On our way out, the phone rang behind the emergency room counter. A medic picked it up and then called us over. “You guys Sweeno and Bascom?”
“That’s us,” Ernie replied.
“Somebody wants to talk to you.”
I took the call. It was Riley. He started talking without preamble.
“Do either of you guys know somebody named Mel Gardi?” he asked.
“Who?”
“Mel Gardi,” he repeated.
My eyes widened. “You mean ‘Maldeigari.’”
“Whatever.”
“That’s Horsehead,” I said. “What about him?”
“You better get your butts out to Itaewon.”
“Why? What’s up?”
“I ain’t repeating this shit,” Riley said.
I pulled out my notebook and jotted down directions: a block and a half up the hill from the Dingy Dingy Pool Hall.
“This is in Itaewon?” I asked.
“That’s what they tell me. Not far from the Hamilton Hotel.”
The front entrance to the Hamilton Hotel was the only authorized PX taxi stand in Itaewon.
“What about Horsehead?” I asked again. “Did something happen to him?”
“Go look!” Riley shouted and hung up.
“What is it?” Ernie asked.
I told him.
We ran outside of the 121 Evac, jumped in his jeep, and laid rubber halfway out the gate.
12
Horsehead had fought back.
The rope around his wrists was frayed and bit sharply into the flesh of his forearm. He’d tried to rip himself free. Instead, he’d managed only to tear great gaps in his skin. Blood had flowed down his wrist and his hands and onto the small of his back where his wrists were tied. He’d kicked against the wall of the little hooch, too, despite the fact that his ankles—like his wrists—were bound together with rope that had been laced in intricate knots.
And he’d been gagged. With a wool scarf and cotton stuffed into his mouth.
Like Moretti.
Maybe the similarities were coincidental. Maybe the Seven Dragons had nothing to do with this crime. Maybe. I knelt next to Horsehead’s body. The single bare bulb overhead had been switched on but I needed more illumination. I used my army-issue flashlight.
Last night, Horsehead had been spotted at the White Crane Hotel, policing up Jessica Tidwell. Then he had ended up here, in this dark and crowded neighborhood of Itaewon, in this tiny hooch rented by the hour, face down in his own vomit, his hands and feet bound, his body stabbed so many times that he looked like pulverized goose liver.
And
where was Jessica Tidwell?
The old woman who owned the hooch was in tears. A gaggle of KNPs surrounded her, shooting questions at her. Her wrinkled face was smeared with moisture, and she kept repeating over and over again. “Na moolah. Chinja moolah.” I don’t know. I really don’t know.
What the old woman didn’t know was who the people were who’d brought in Horsehead.
“He was drunk,” she’d told us through sobs. “Two men were carrying him. They said they wanted a room so he could sleep it off. They paid me in advance and carried him to the room and laid him down and left him there. They said some women would be along to check on him and make him comfortable and I should let them in and they’d take care of him.”

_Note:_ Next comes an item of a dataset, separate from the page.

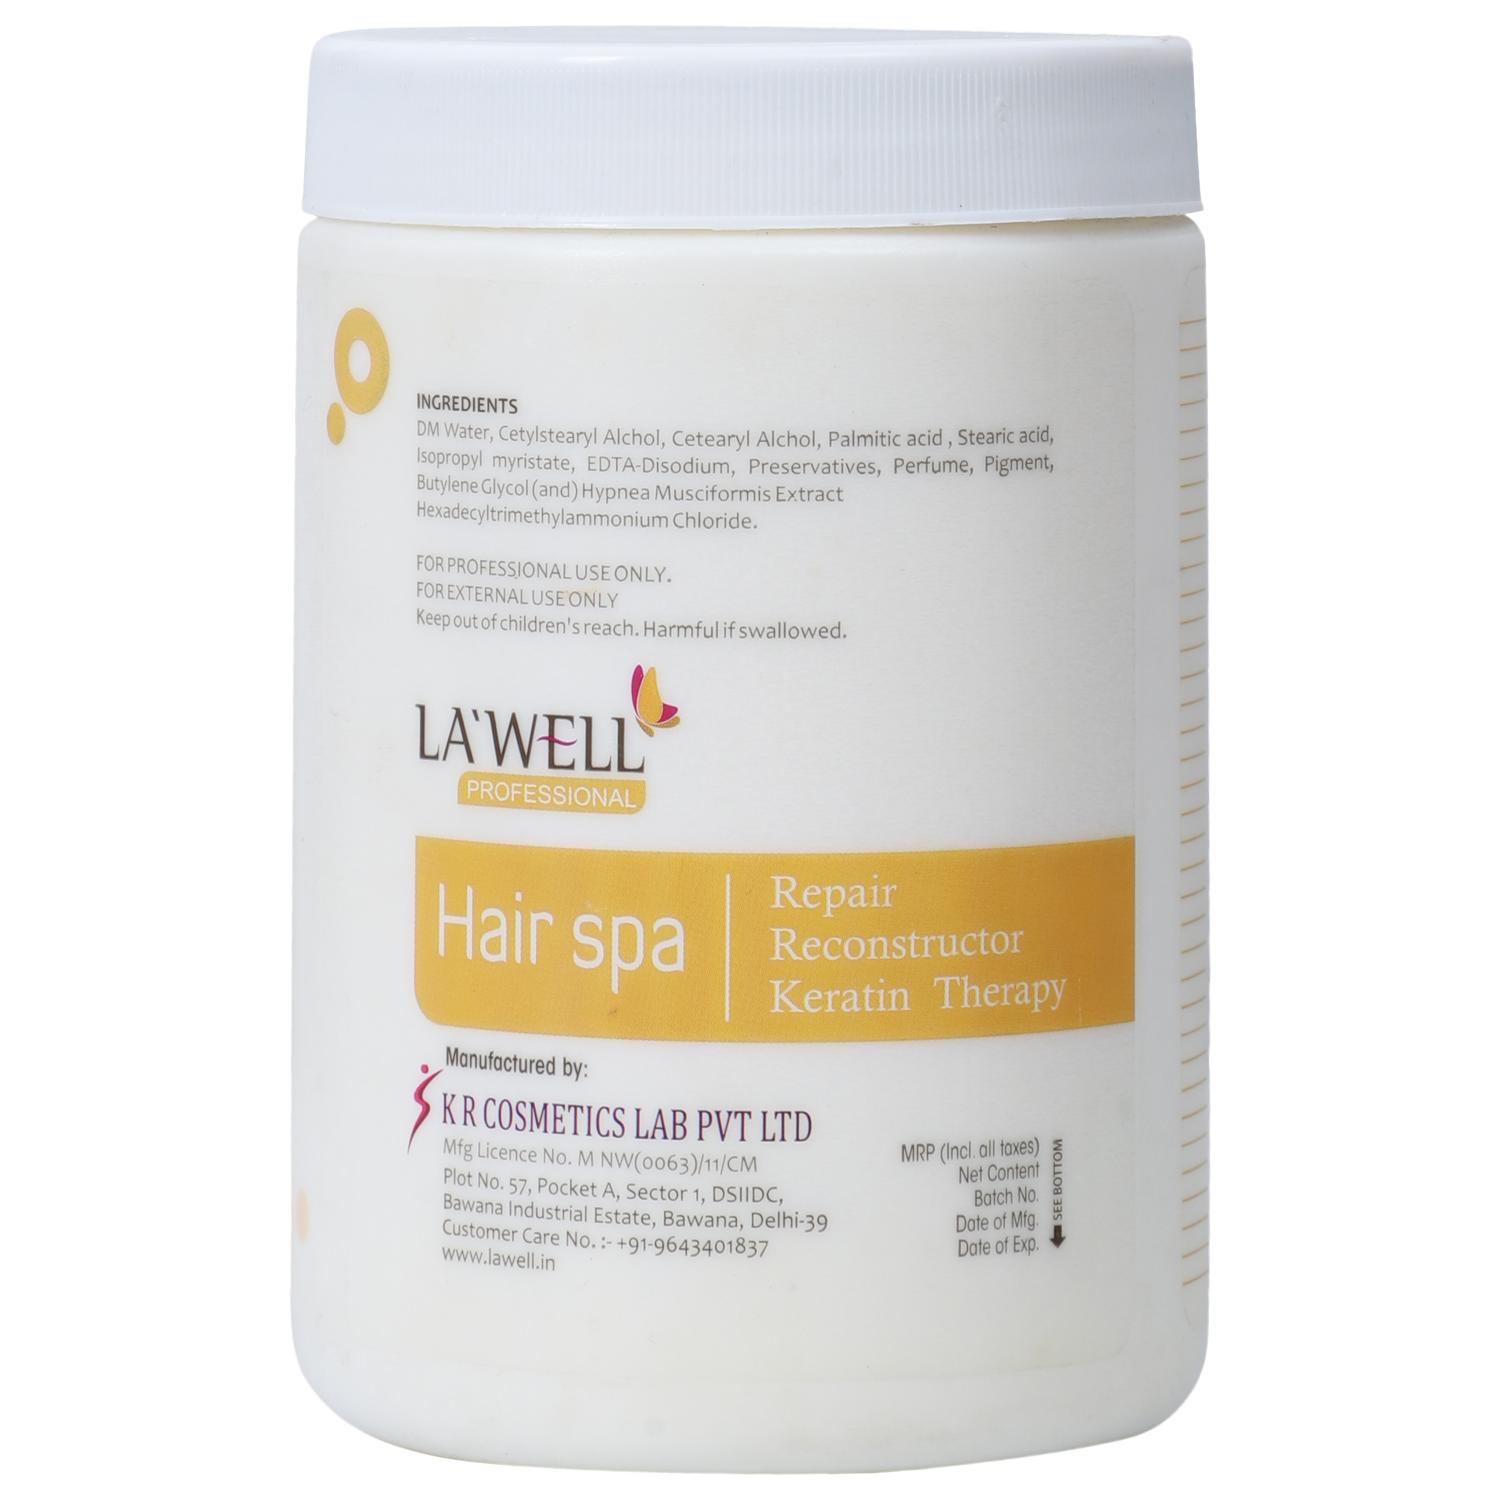 La well Hair spa Repair  770ml

She hadn’t recognized the men, had never seen them before. But they were Korean men, well into middle age, and they wore workingmen’s clothes as if they’d just come from some sort of job in a warehouse or a factory. And the women had shuffled in immediately after the men left. The landlady hadn’t paid much attention because by then she was watching Chonwon Diary, a popular prime-time soap opera. Her favorite show, she added. But there were three women and each wore some sort of jacket or shawl with a hood; she hadn’t seen their faces.
“Did they carry weapons?” one of the cops asked.

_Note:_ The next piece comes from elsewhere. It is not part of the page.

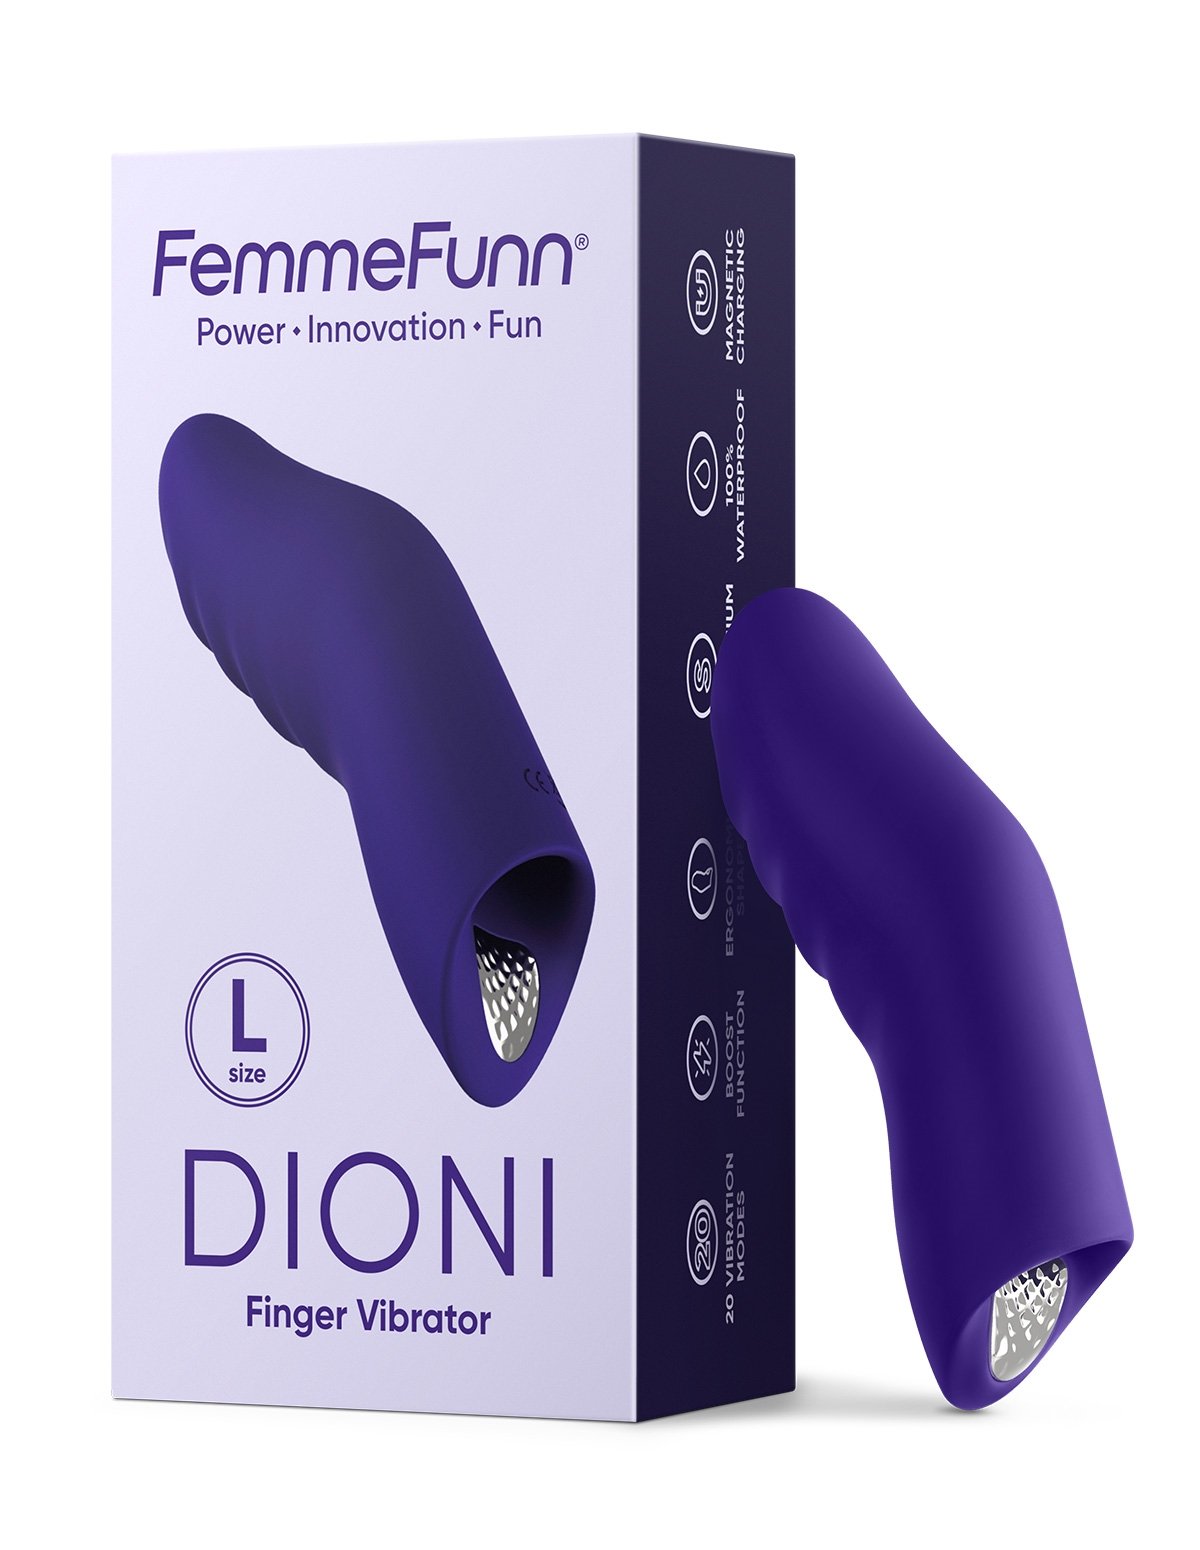 alternate image for Femme Fun Dioni Finger Vibrator - Large

She didn’t know. She hadn’t looked. If they did they weren’t carrying them in their hands where she could see.
“Was there much noise?”
Not much. Some moaning. But she’d had drunks sleep it off in the rooms she rented before and they were never quiet, so she hadn’t paid attention. Except for the pounding on the wall. For a second there, she thought the drunken man was going to kick the house down but the women managed to get him under control.

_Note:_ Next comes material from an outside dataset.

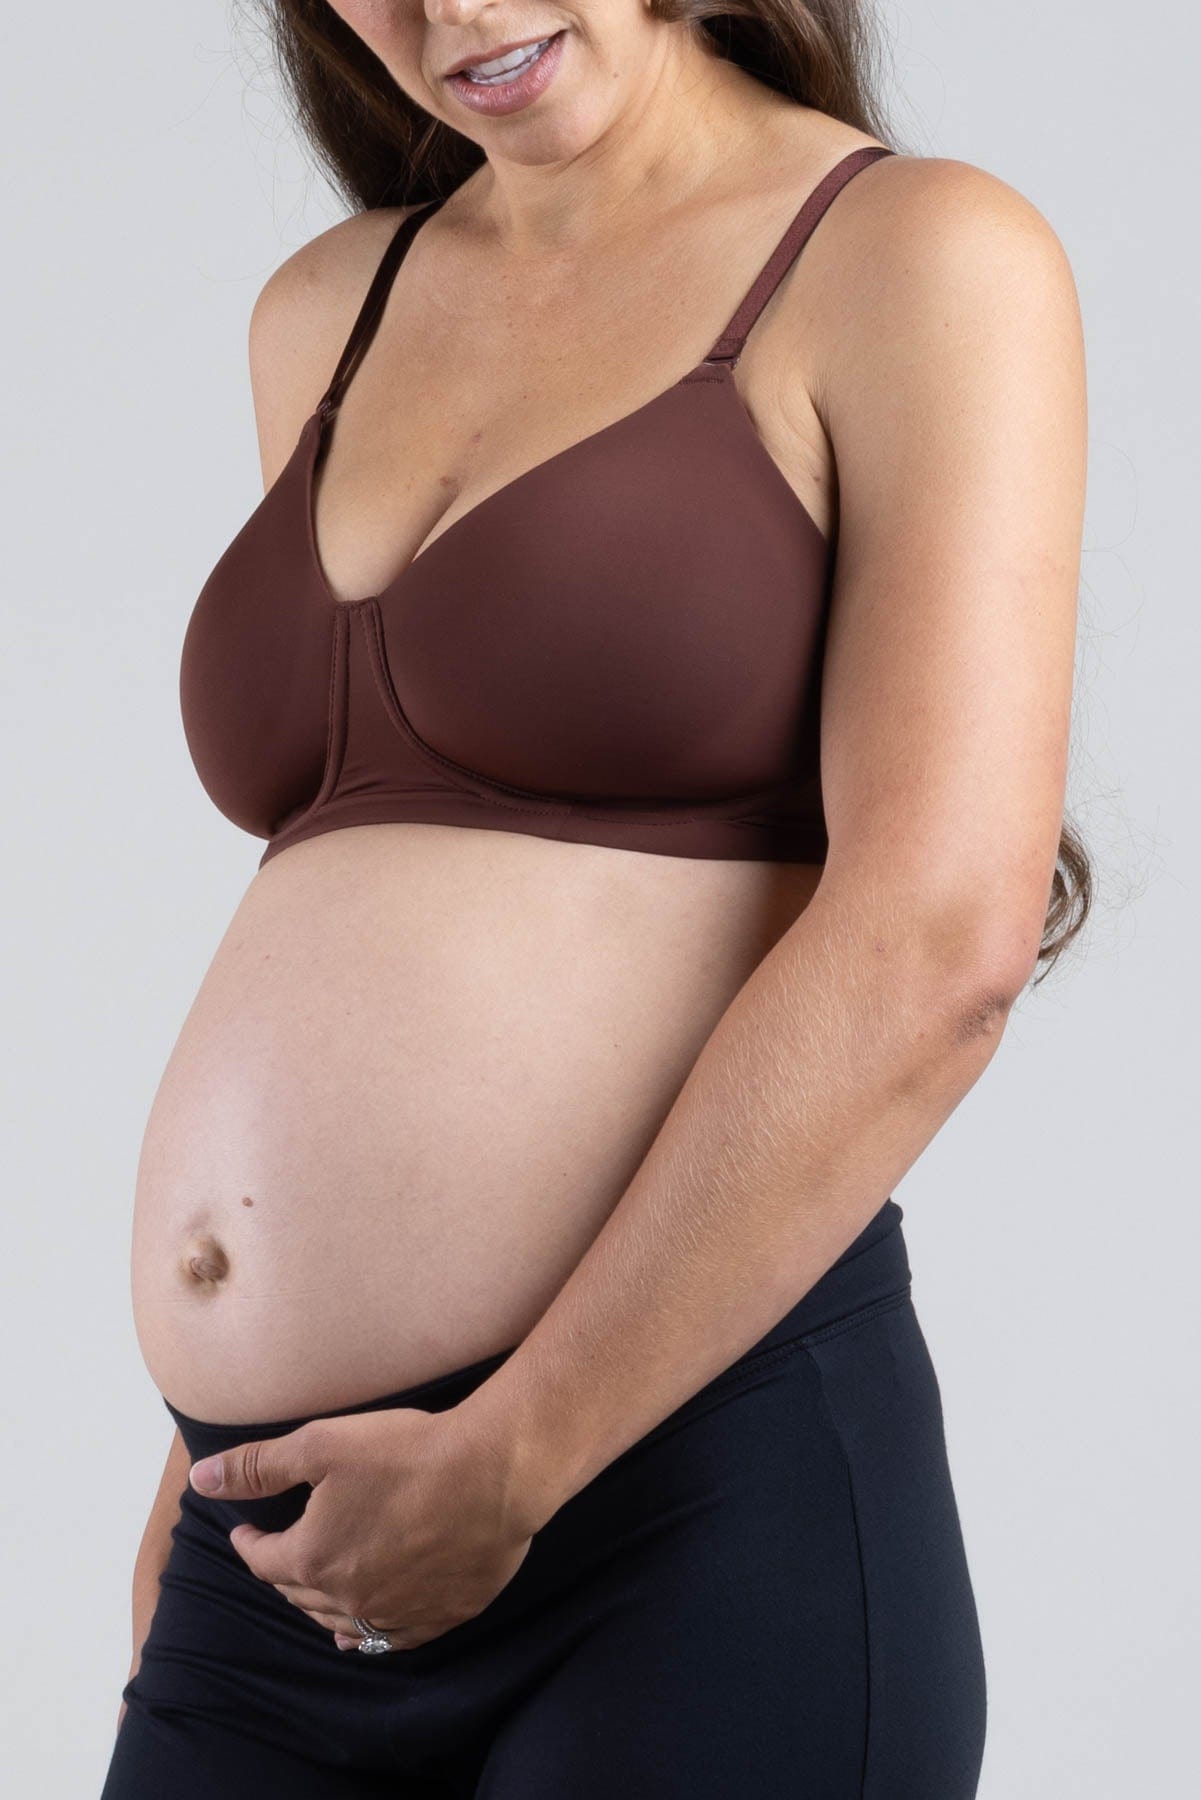 Women Maternity Nursing Bras Set Pregnant Breastfeeding Pregnancy

“When did the women leave?”
She wasn’t sure. After her program was over she realized that all was quiet down the hall. But she hadn’t gone to look. It was late so she locked the outer gate and went to sleep. She believed the women had already left because she didn’t hear any footsteps pounding down the hallway during the night and no one had called for her to unlock the front gate.